Help to understand the performance gain when using Base.throw_boundscheck

Hi! I want to understand a strange behavior for me. We are building a lower triangular storage for gravity models. If I use the following getindex:

function Base.getindex(
    L::LowerTriangularStorage{T},
    i::Int,
    j::Int
) where T<:AbstractIcgemCoefficient
    @inline
    @boundscheck (i > L.n || j > L.n || i < 1 || j < 1) && throw(BoundsError(L, (i, j)))

    # For the upper triangular part, return zero.
    j > i && return zero(T)

    return L.data[_ij_to_lt_index(i, j)]
end

I hit a major performance hit compared to a usual matrix. In this case, it takes 30% more time to fetch the element (the values are very low, 2.5 ns vs 3.3 ns, but we need to fetch a lot of coefficients). However, if I change to:

function Base.getindex(
    L::LowerTriangularStorage{T},
    i::Int,
    j::Int
) where T<:AbstractIcgemCoefficient
    @inline
    @boundscheck (i > L.n || j > L.n || i < 1 || j < 1) && Base.throw_boundserror(L, (i, j))

    # For the upper triangular part, return zero.
    j > i && return zero(T)

    return L.data[_ij_to_lt_index(i, j)]
end

Everything is fine! I think it might be something related to throw_boundserror marked as @noinline but I have no ideia. Can anyone explain to me please?

1 Like

Maybe instruction cache misses? How does @boundscheck (i > L.n || j > L.n || i < 1 || j < 1) && @noinline throw(BoundsError(L, (i, j))) do relative to these 2?

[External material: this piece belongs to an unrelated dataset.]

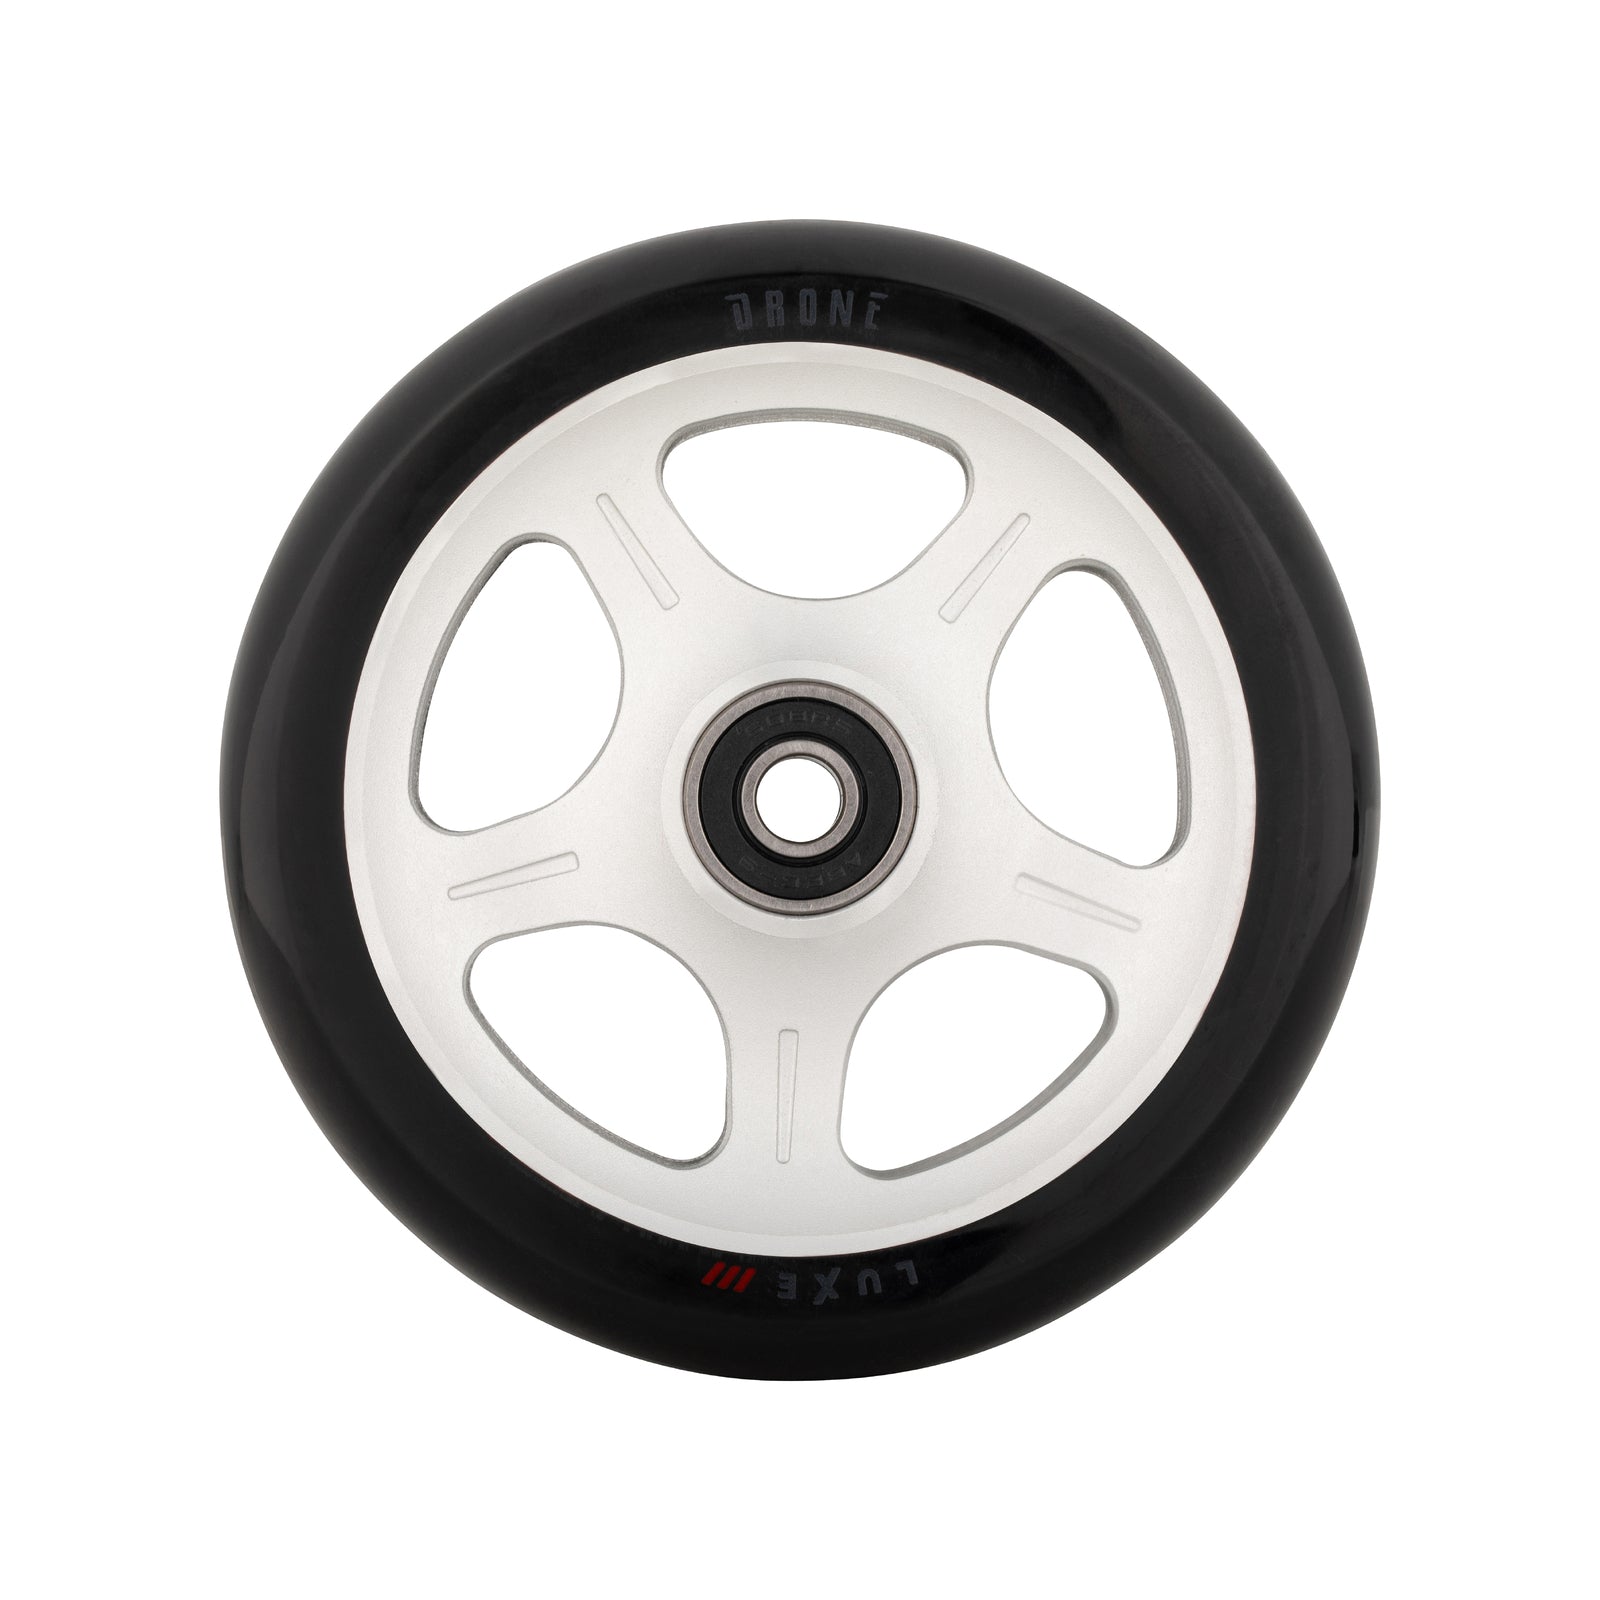 Drone LUXE 3 Dual-Core Feather-light Scooter Wheel 110mm

This version also has a bad performance (equal to the version without the @noinline).

1 Like

However, creating and calling a lambda function leads to the good performance:

    @boundscheck (i > L.n || j > L.n || i < 1 || j < 1) &&
        (() -> (@noinline; throw(BoundsError(L, (i, j)))))()
1 Like

This seems to be relevant;

3 Likes

Yeah, this is a known effect that crops up all the time. In any sort of small, performance sensitive function, it’s often greatly advantageous to hide put errors behind @noinline function boundaries.

2 Likes

I see, but what is the explanation? I have no idea why this happens.

Because throw has a ton of complicated crap in it that gets put into the function body. When you lock it behind a @noinline function, the optimizer can ignore it, and the function body itself doesn’t take as much room in the instruction cache (because the function contains less instructions).

4 Likes

Awesome! Thanks @Mason !

Why does it take a @noinline line inside a separate error-throwing method’s body to have this effect though? That is, a @noinline taking the throw call directly didn’t work here. Are there different inlining heuristics there?

In this scenario, I think it has more to do with BoundsError than throw, since BoundsError has an ::Any field, so constructing one requires allocations.

This means that there’s a bunch of allocation code (which never gets called) but gets inlined into the function body and that’s what’s causing problems as far as I understand.

2 Likes

Explains why Base.throw_boundserror exists as a separate method from its callee throw: a function barrier for the BoundsError instantiation too.

1 Like

Is there a way we can make this happen more automatically? Would adding @noinline to the constructors for some of the subtypes(Exception) (e.g., ones with non-concrete elements) get us most of the way there?

I.e., does @boundscheck (i > L.n || j > L.n || i < 1 || j < 1) && @noinline throw(@noinline BoundsError(L, (i, j))) (added a @noinline on BoundsError) do any better (with or without the @noinline on throw)?

If not, is there anything we could do towards this end with a @throw macro?

I would assume that it’s fine for exceptionally executed branches (try-catch as routine control flow is much rarer, error does @noinline for ErrorException), but there’s probably a debate on whether that’s generally good. I also just found out that throw is a builtin, so I’m not actually sure how inlining works for those.

I assumed from the docstring that the first @noinline would’ve applied to the BoundsError call as well, but evidently not based on the need for Base.throw_boundserror or a similar method. I’d think that either needs an implementation fix or a docstring clarification.

  @noinline block

  Give a hint to the compiler that it should not inline the calls within block.

  # The compiler will try to not inline `f`
  @noinline f(...)

  # The compiler will try to not inline `f`, `g` and `+`
  @noinline f(...) + g(...)

Note that this is separate from the zero-argument @noinline; that affects the surrounding method body.